Per Brian Tierny
I did some testing with the neper tool from google, which support SO_ZEROCOPY/MSG_ZEROCOPY via the -Z flag, and found it made a big difference, so long as the receiver is not CPU limited. See: https://github.com/google/neper
The trick is to use the --skip-rx-copy flag on the server to make sure you are not limited by the receiver.
Here are my test commands and results: (I'm using numactl to use the same core every time, as different cores often give different throughput)
server: numactl -C 5 ./tcp_stream --skip-rx-copy
client: numactl -C 5 ./tcp_stream -c -H 10.10.2.62 -Z
result: 37Gbps
client with MSG_ZEROCOPY: numactl -C 5 ./tcp_stream -c -H 10.10.2.62 -Z
result: 47Gbps
Based on this, I think it would be great if both iperf2 and iperf3 supported MSG_ZEROCOPY (and --skip-rx-copy, which sets the TRUNC flag in recv).
Looking at the code for this in neper, it should be a pretty easy enhancement for both iperf2/iperf3.
PS: I'm also testing BIG TCP now too. I'll let y'all know what I find. But BIG TCP needs to be enabled at the system level, so its not something you can set in iperf.
--skip-rx-copy commit is here.
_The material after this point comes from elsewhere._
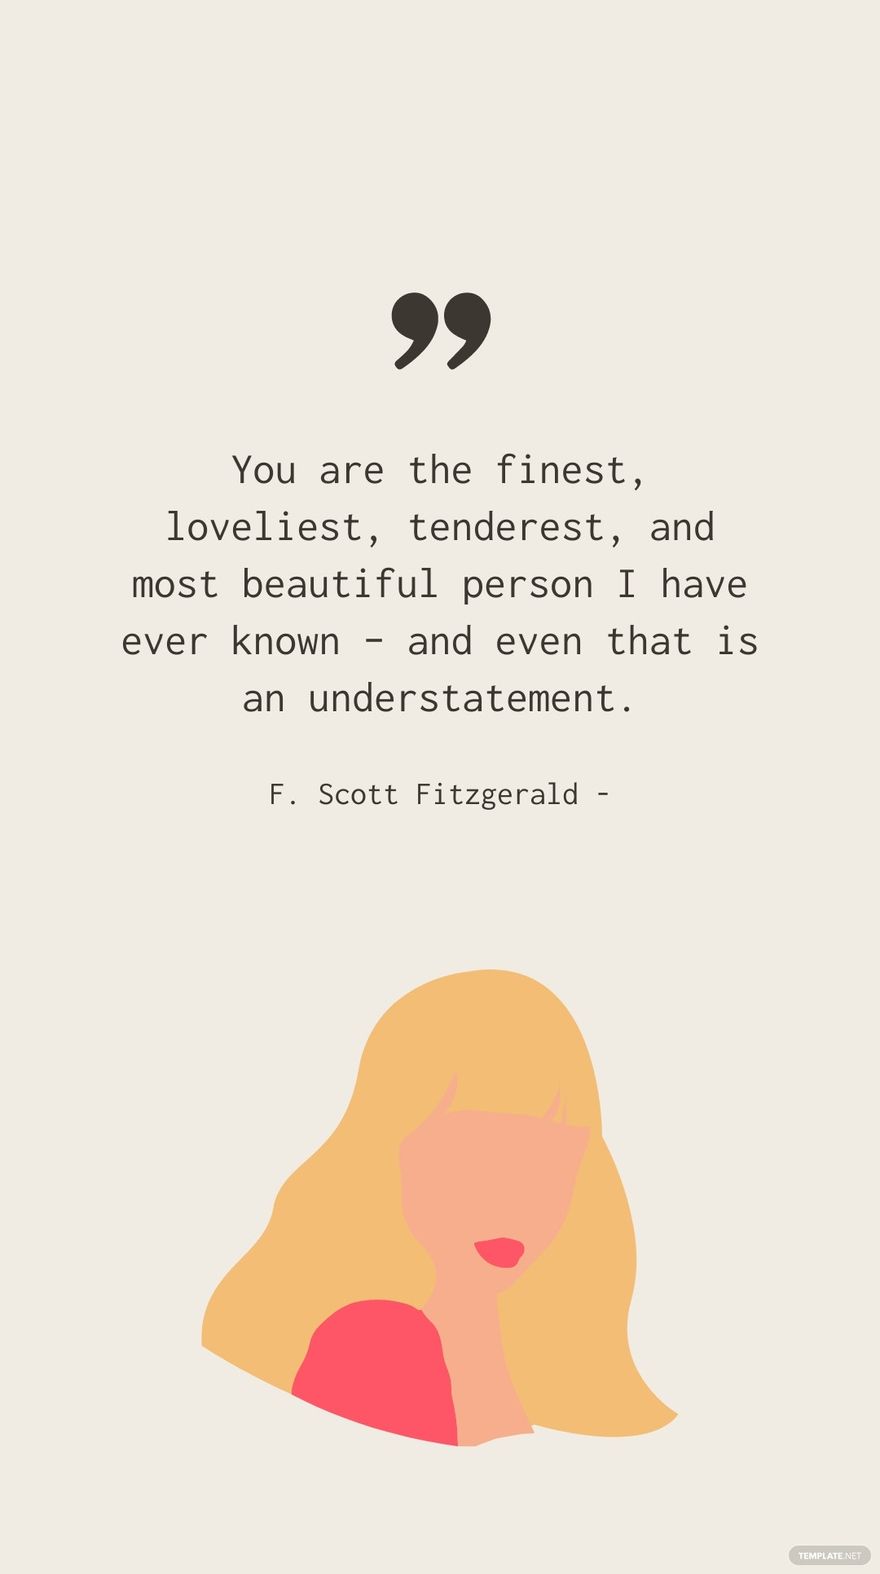 F. Scott Fitzgerald - You are the finest, loveliest, tenderest, and most beautiful person I have ever known – and even that is an understatement.

Seems to work as iperf CPU goes from 53% to 29% when using a single stream TCP over 10G
On:
Off:
Hello, @rjmcmahon
Thank you for adding this feature.
Based on my understanding, now it skips only rx copy.
Based on my understanding, iperf2 uses write() function to send TCP packet in client and write() function does not support zero-copy.
Do you have any plan to support zero-copy on TX (SO_ZEROCOPY/MSG_ZEROCOPY)?
Thanks